Supplied information:
↓↓↓

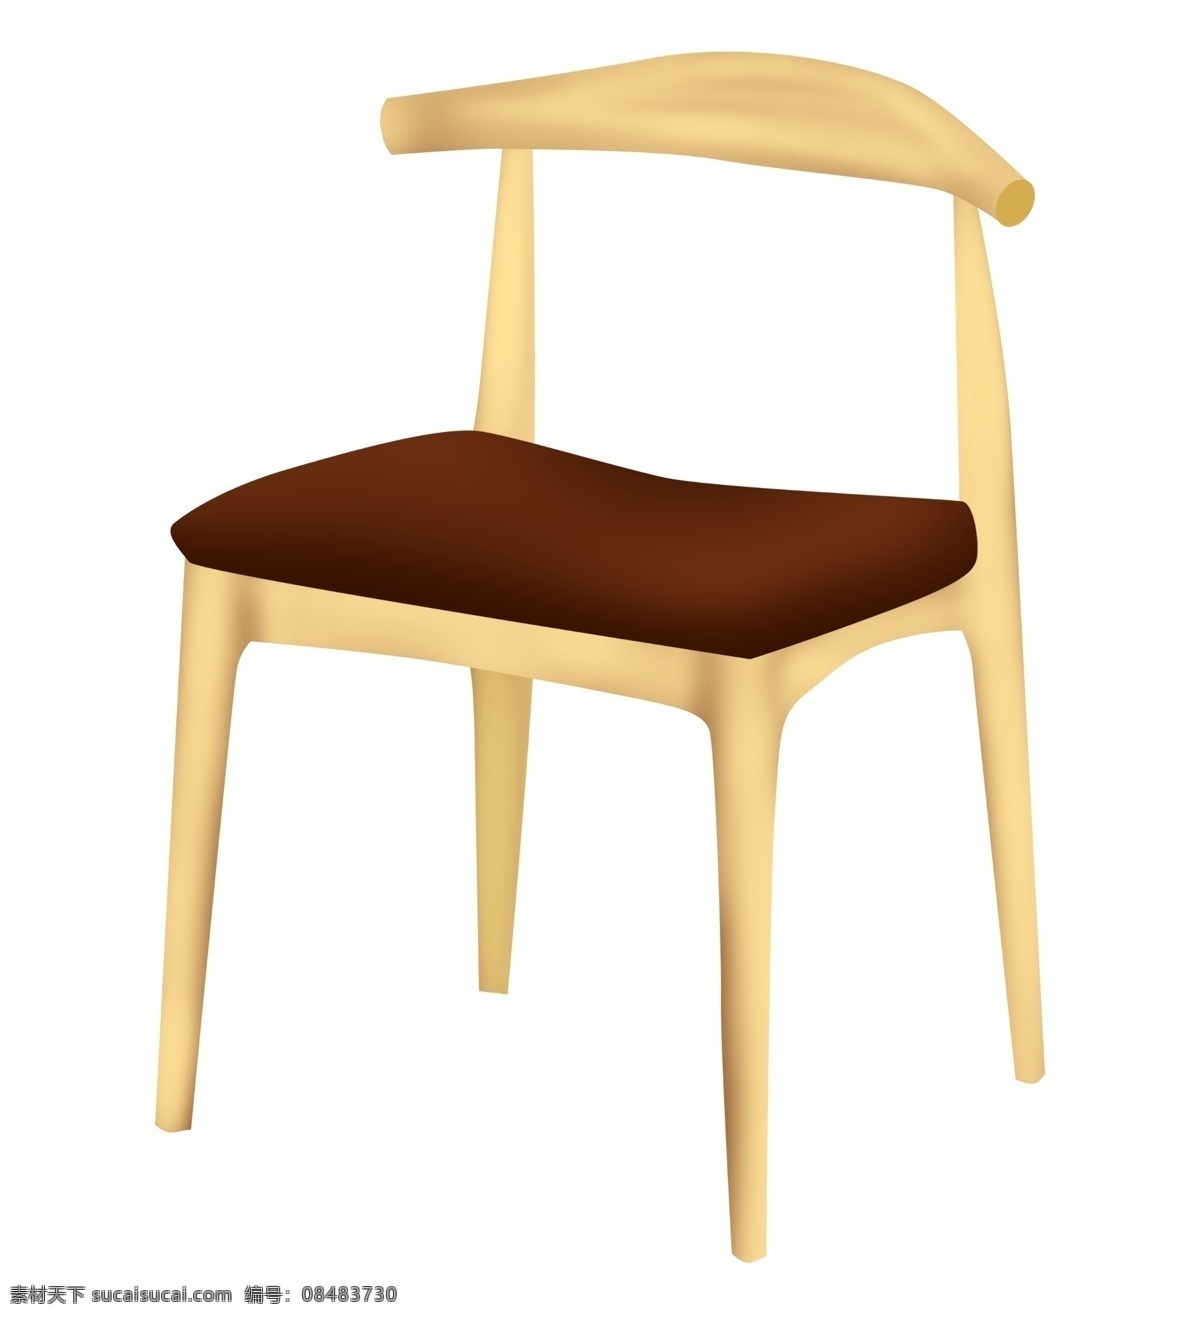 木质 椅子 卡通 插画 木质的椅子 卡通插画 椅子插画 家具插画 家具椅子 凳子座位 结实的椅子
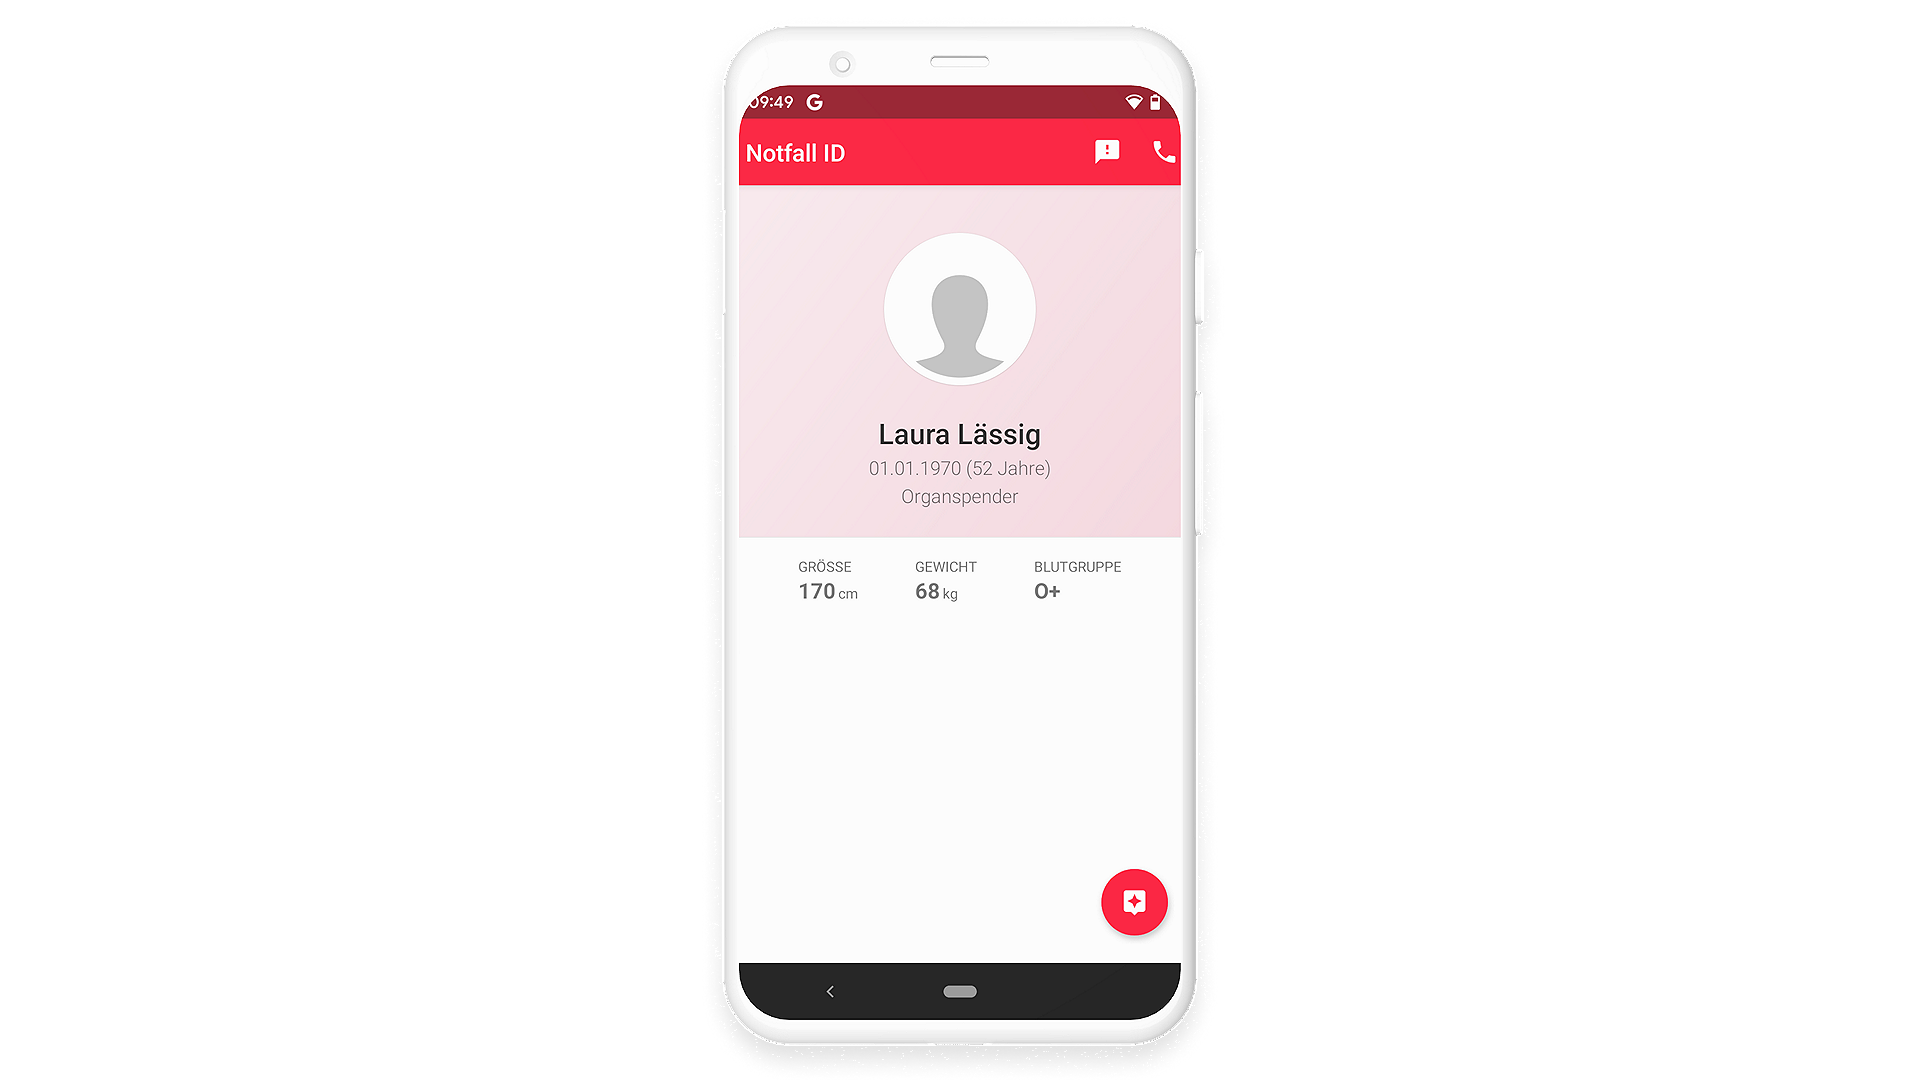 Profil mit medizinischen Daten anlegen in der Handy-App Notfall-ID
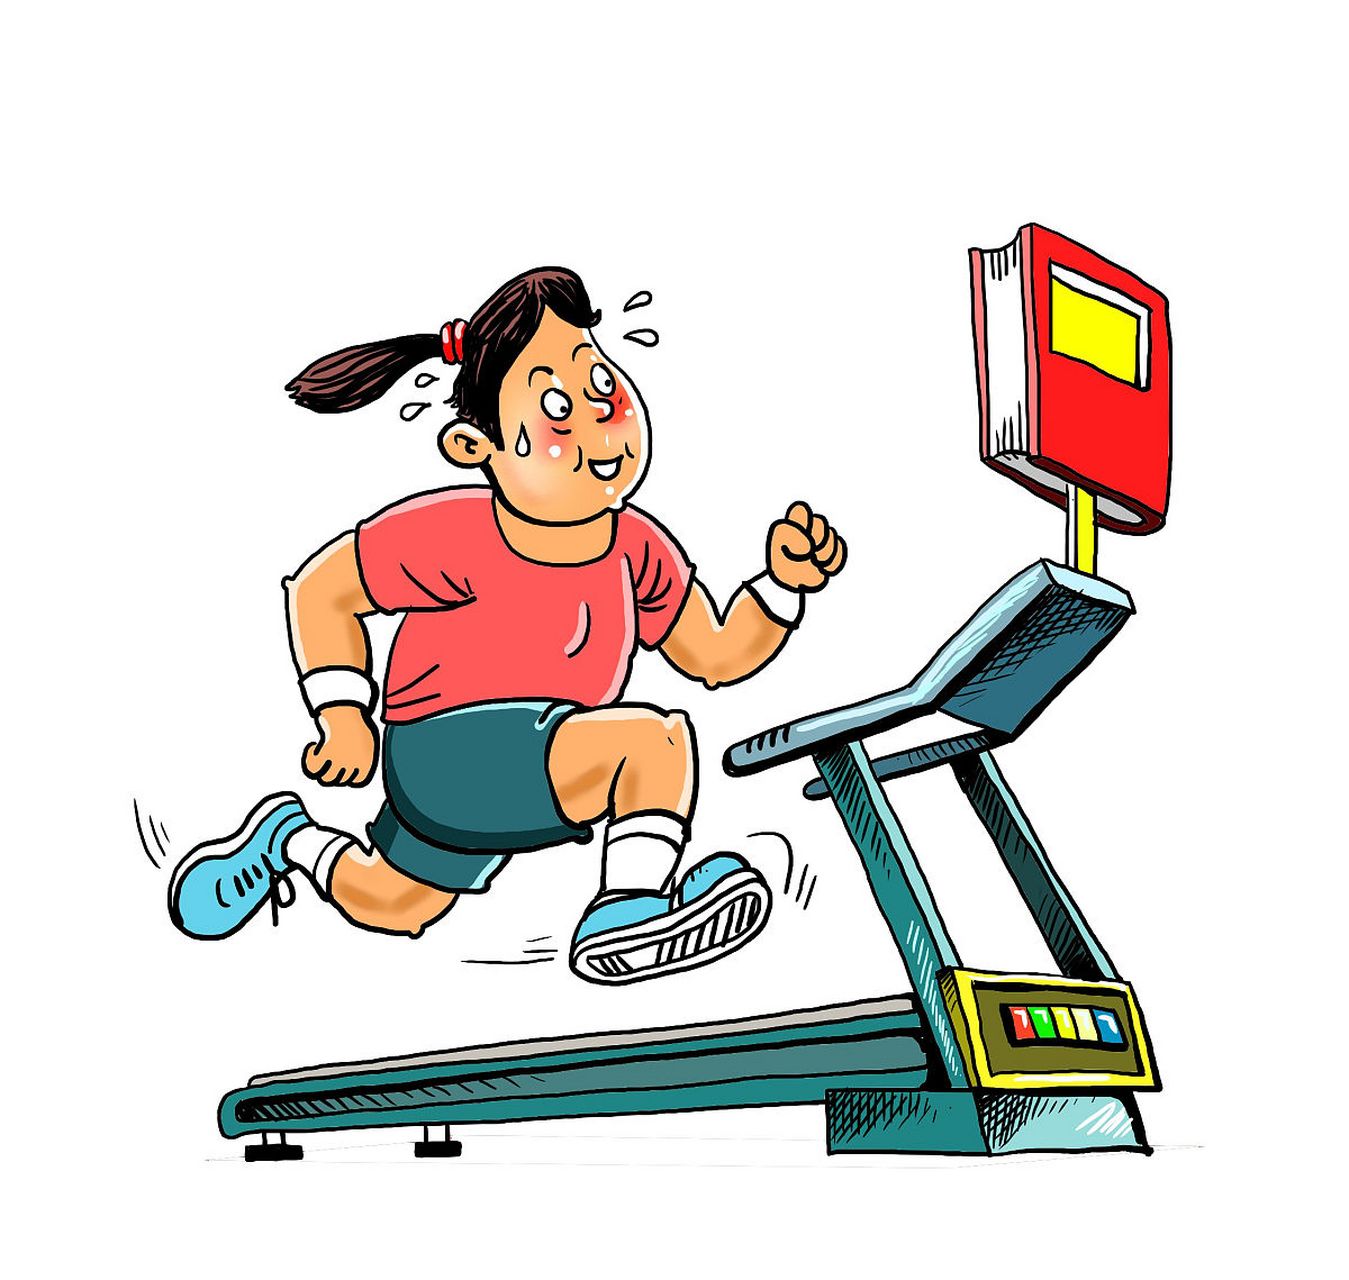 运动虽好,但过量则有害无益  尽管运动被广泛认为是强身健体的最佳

↑↑↑

Assignment: Line by line, write out the material exactly, leaving the images out.

Answer to this problem:
 木质 椅子 卡通 插画 木质的椅子 卡通插画 椅子插画 家具插画 家具椅子 凳子座位 结实的椅子
 Profil mit medizinischen Daten anlegen in der Handy-App Notfall-ID
 运动虽好,但过量则有害无益  尽管运动被广泛认为是强身健体的最佳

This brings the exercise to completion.